Mohammad Azim, 46, says in the local school he attended, there was a teacher who would bite. “There was a mullah in our village who was known as Mullah Gosh Khai (the one who bites the ear with his teeth). He punished his students only by biting the ears,” he tells Rukhshana Media. “When the children came home, you could see that the soft part of his ear was wounded. It was considered normal.”
Ramazan, 48, still hasn’t forgotten his school years. “Sole and palm whipping was normal, as was the mullah insulting us by using bad names. Then we were known by our peers by the same name later.”
Ramazan says it was also common to be made to stand for a long time on one leg and not being allowed to go to the toilet. He still hasn’t forgotten what happened to one of his classmates at school. A child who needed to go the toilet but the mullah refused to allow him to leave ended up defecating in the classroom. “He shat on himself. That later was a big humiliation for him,” he adds.
Khodadad, 41, who sent his two children aged 8 and 12 to a local school this winter, says that he is in favor of this type of education because it was how he was taught to read the Holy Quran. He says he is not afraid that they may be physically punished.
“Children should be raised harshly,” he says. “When they don’t study and don’t learn, the mullah has the right to punish them.”
He recites a poem by Saadi Shirazi, which he learned in childhood, to justify the violence.
“Nadani k Saadi morad az chi yaft, na hamoon nawisht o nah darya shegaft – ba khordi bekhord az bozorgan qafa, khoda dadash andar bozorgi safa.” (Which means, Saadi became great not because he went to the desert and parted the water, but he was slapped by an elder to learn when he was child.
Khodadad recites this poem to express a belief that the discipline needed for a successful adulthood can be slapped into a child by such a method.
However, psychologists say that studies show violent behavior towards children often has negative effects and even irreversible damage.

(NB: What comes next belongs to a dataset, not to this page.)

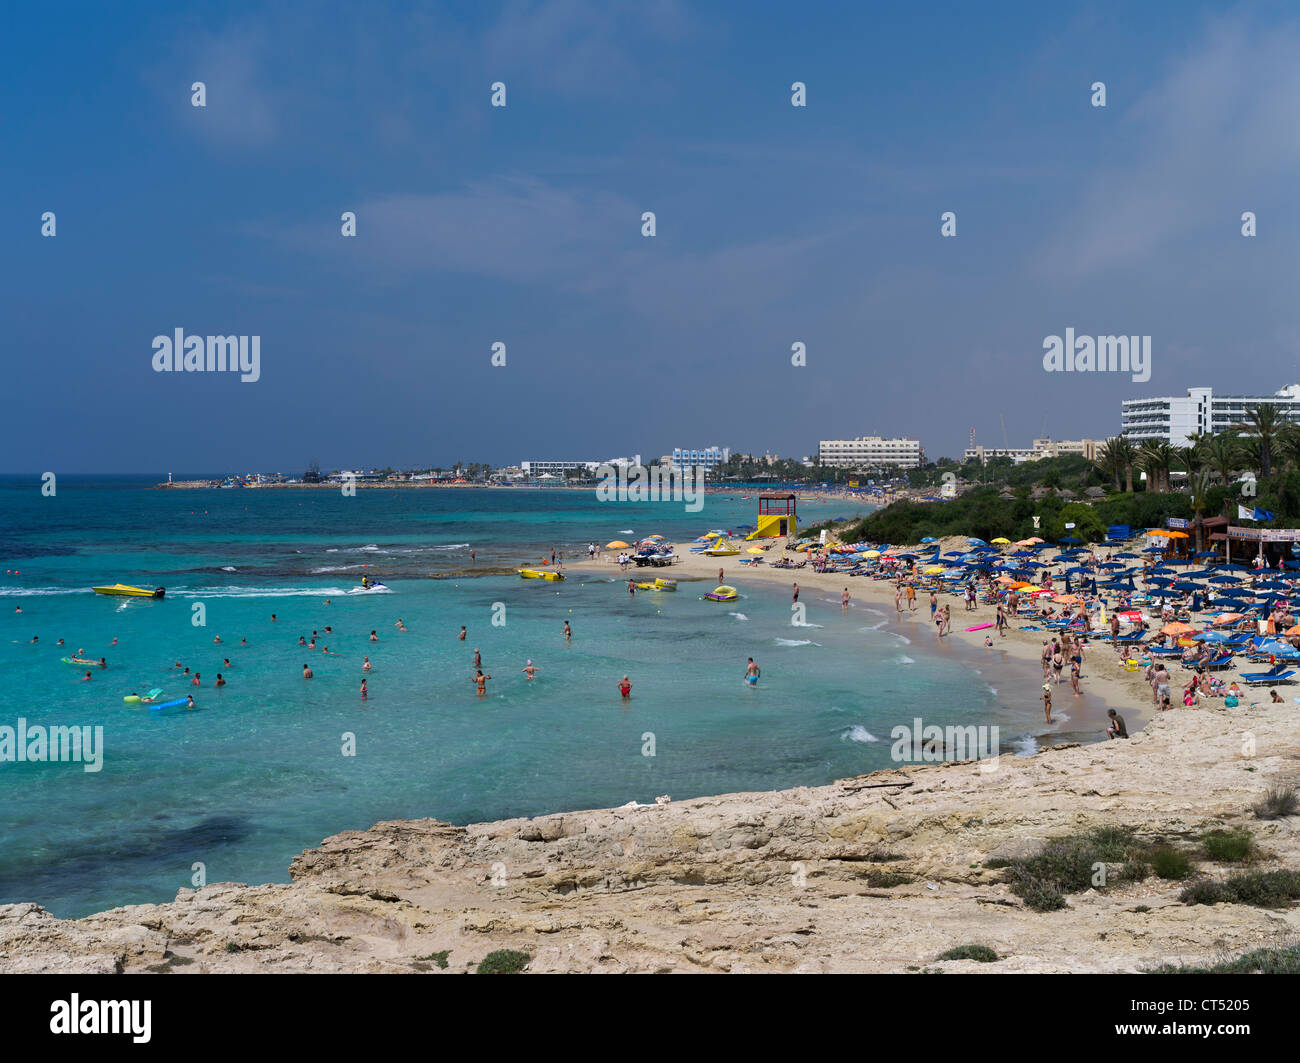 dh AYIA NAPA CIPRO SUD bagnanti spiaggia sabbiosa e alberghi grecia vacanze baia persone vacanza Foto Stock

Mohammadullah Motamed, 39, a psychology professor at Bamyan University, says violent behavior against children is very unfortunate. He lists the potential impact including refusing to attend school, hating education, loss of self esteem, confusion, and anxiety and depression.
He says the psychological damage that children can suffer may not even be curable in some cases. “Children who face violence in childhood have more hatred and anger in their youth and for the rest of their lives,” he says. “They misbehave in front of others because of the violence and insults.”
Semin, 12, has been studying at a local school for two years. On Thursday last week, she failed to give satisfactory answers to the mullah in the weekly evaluation, and she was punished. “I could not answer two questions of the mullah. He whipped my palms four times. That hurt a lot,” she says. “My palms were dark red, and they were still hurting two hours later.”
Semin still says that apart from suffering, she was also humiliated in front of her peers. “I was very upset and for the next few days, I remembered the palm whipping every moment,” she says.
Another student, Jamshid, 13, also says that he was physically punished by his mullah about 10 days ago. “We were joking with a few of our classmates,” he says. “When the mullah saw he whipped us on our palms five times each.”
Jamshid, who has been attending a local school for three years, says every school day at least one student is physically punished. He does not like going to the local school, but his father forces him to do so.